As per the Model Act, “the MGA’s actions are taken to
be those of the insurer for whom it is acting… an MGA may be examined as if
it were the insurer,” (see NAIC Managing General Agents Act, MDL 225, §6. To be
clear, that quote is all of Section 6 of the Model Act). It basically tells
MGAs that officials will take their duties very seriously. As many who have
helped producers through regulatory examinations at the insurer level can tell,
these exams are not right for the average producer.

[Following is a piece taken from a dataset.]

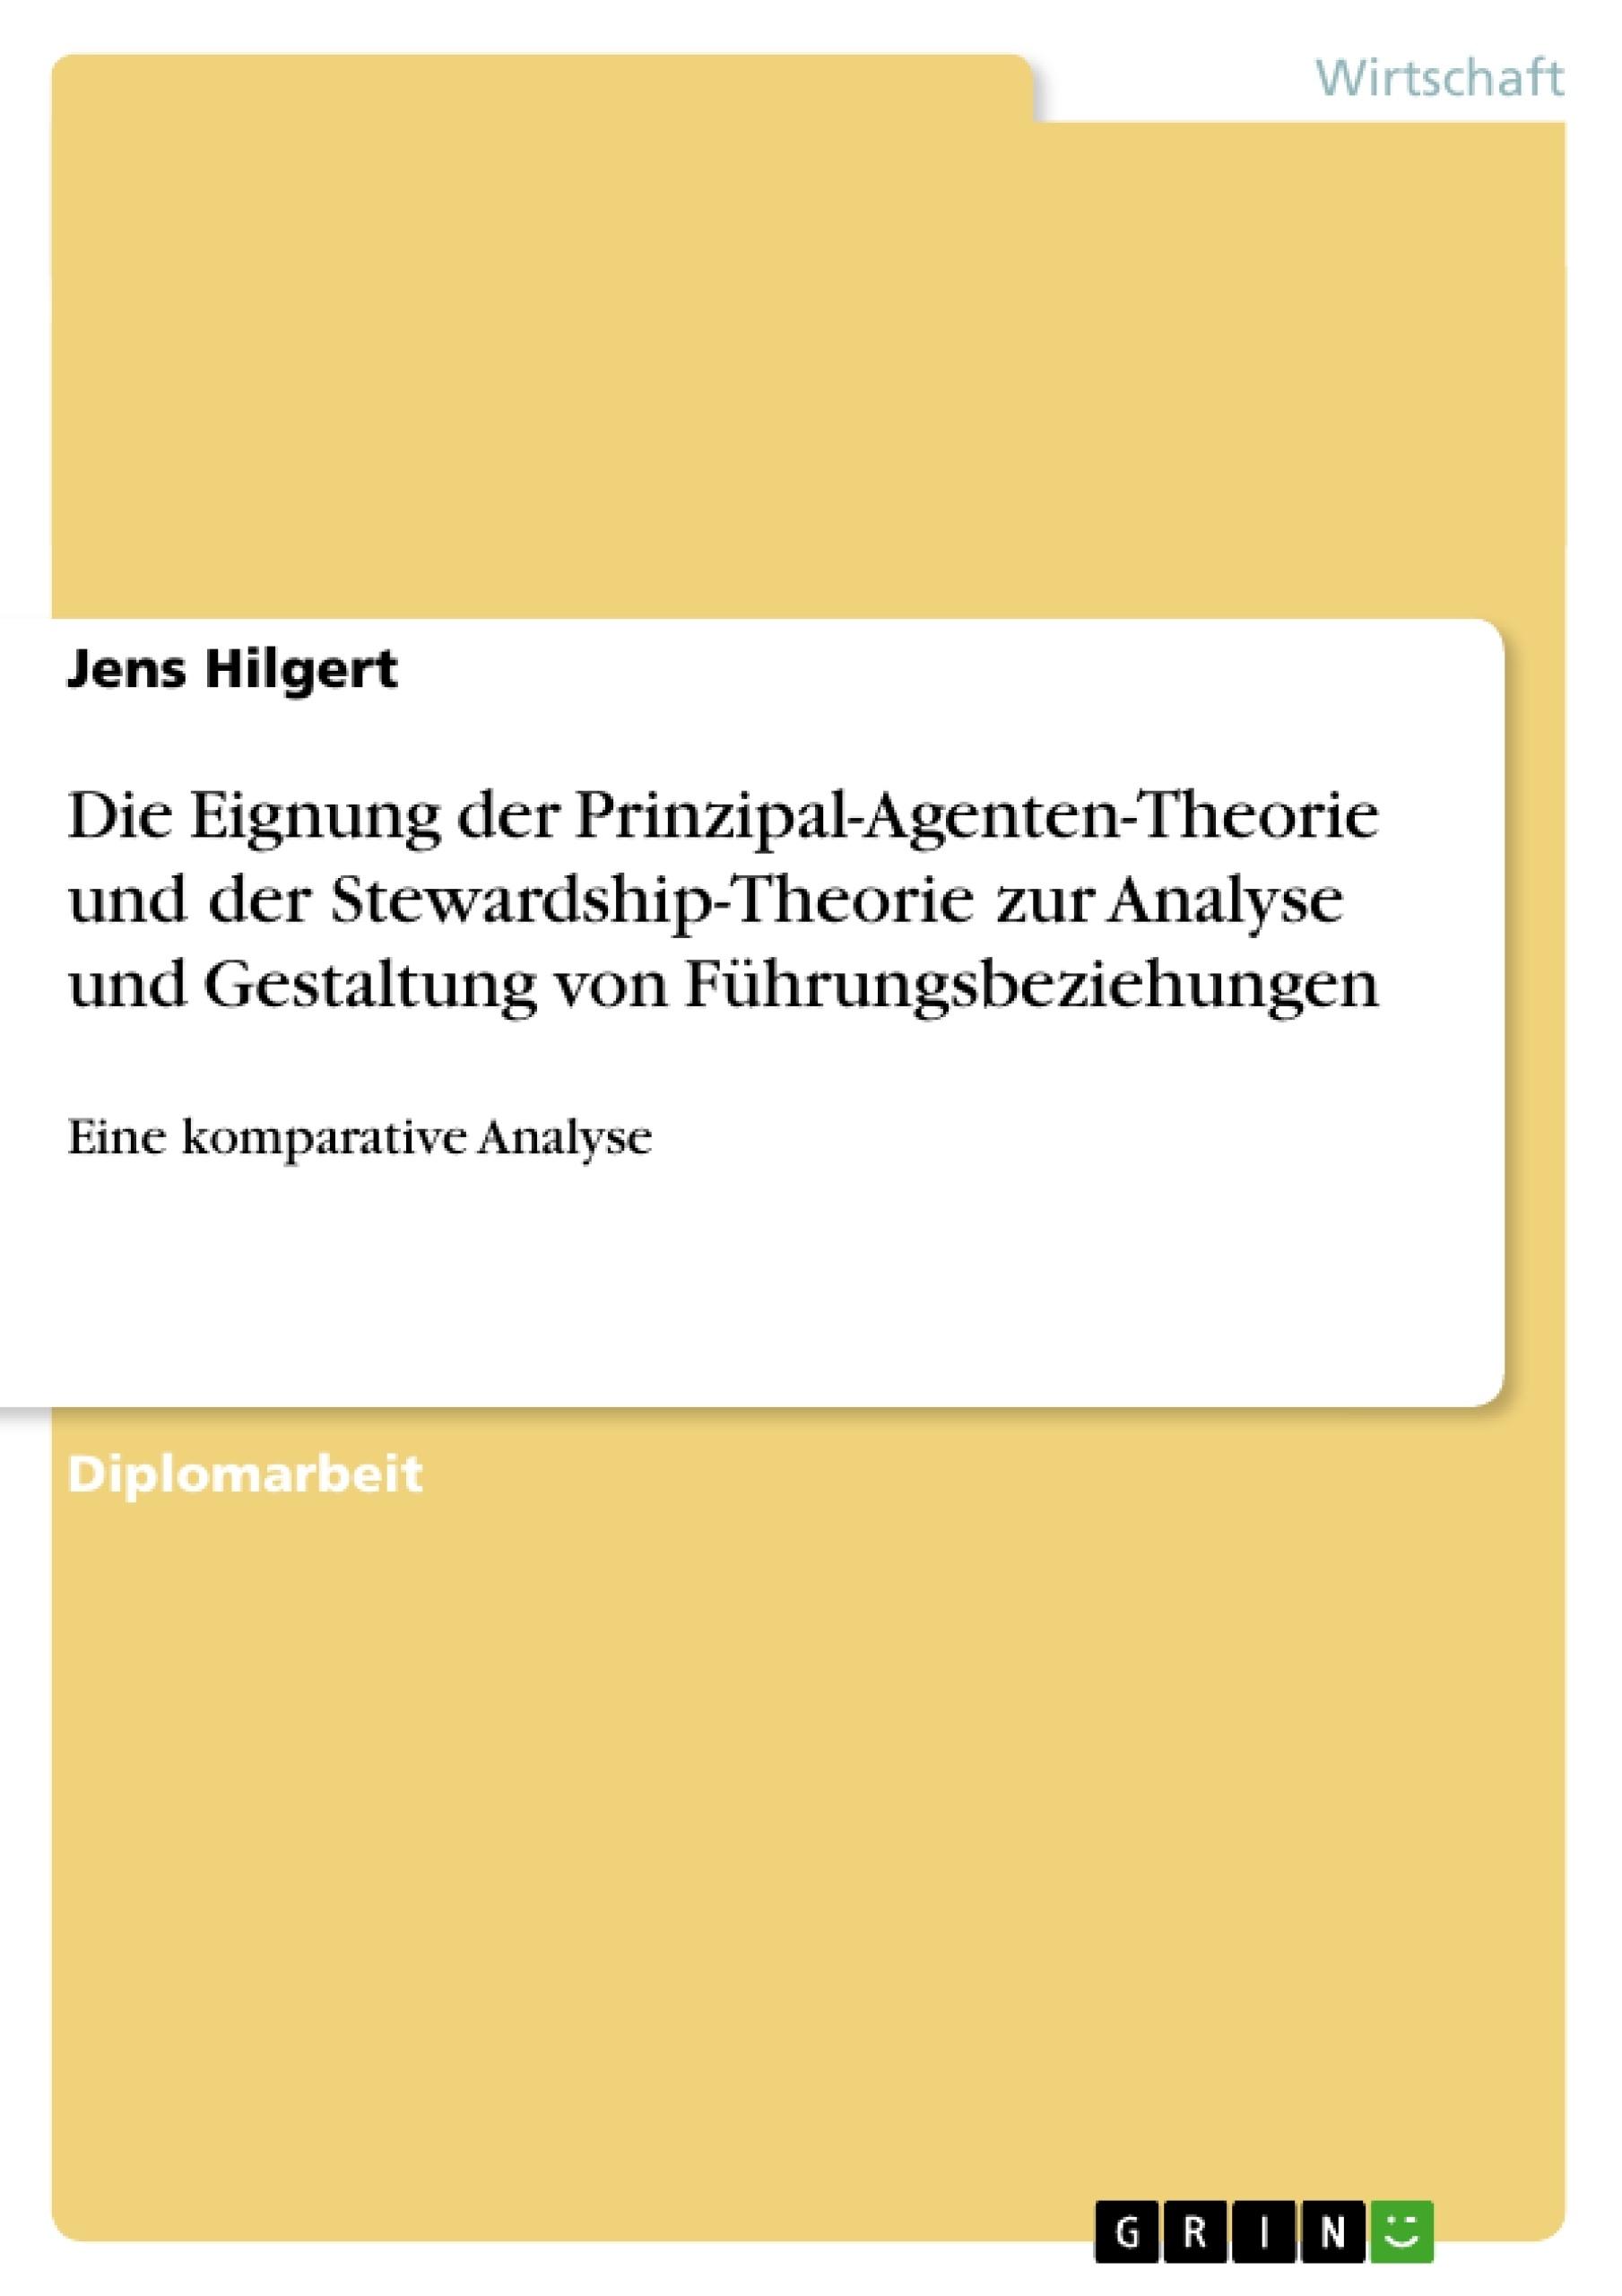 Titel: Die Eignung der Prinzipal-Agenten-Theorie und der Stewardship-Theorie zur Analyse und Gestaltung von Führungsbeziehungen

Also, the Model Act has a lot of complicated rules that must
be written in every contract that controls the MGA’s services, even though it
is the insurer, not the MGA, that is mostly responsible for reporting.
Key points
There are without a question many good reasons to become an
MGA. For starters, MGAs can be a good option for insurers that want to get into
a new or niche market because they don’t have to pay the normal fees. This
means that any MGA that has the tools to let the insurer enter the market in
question (for example, having previously approved goods) is in a very good
position to make a lot of money.
Because of this, an agent who only brings in business would
never want to be seen as an MGA unless they really do the things that a state’s
MGA guidelines say they should do. This is why many people are told to get rid
of the words “managing general agent” or “MGA” from their
insurance policies. That word doesn’t seem to change the fact that someone or
something is an MGA, so why even bring up the idea that you might be providing
services that are only available to MGAs?
This increases danger and scrutiny from regulators for no
reason, even if it’s small. For example, if a regulator looks at an agreement
with the wrong title while looking at an insurer, the regulator may investigate
the producer’s responsibilities and license status. Also, using the terms
incorrectly could lead to confusion about the services covered by the insurance
contract when there shouldn’t be any confusion at all.
You should think about this: “Do I underwrite
insurance, adjust or pay claims, negotiate reinsurance, or even just manage
elements of an unaffiliated insurer’s business?” If the answer is
“yes,” you should look over the laws about handling general agents in
each state where you have a producer license.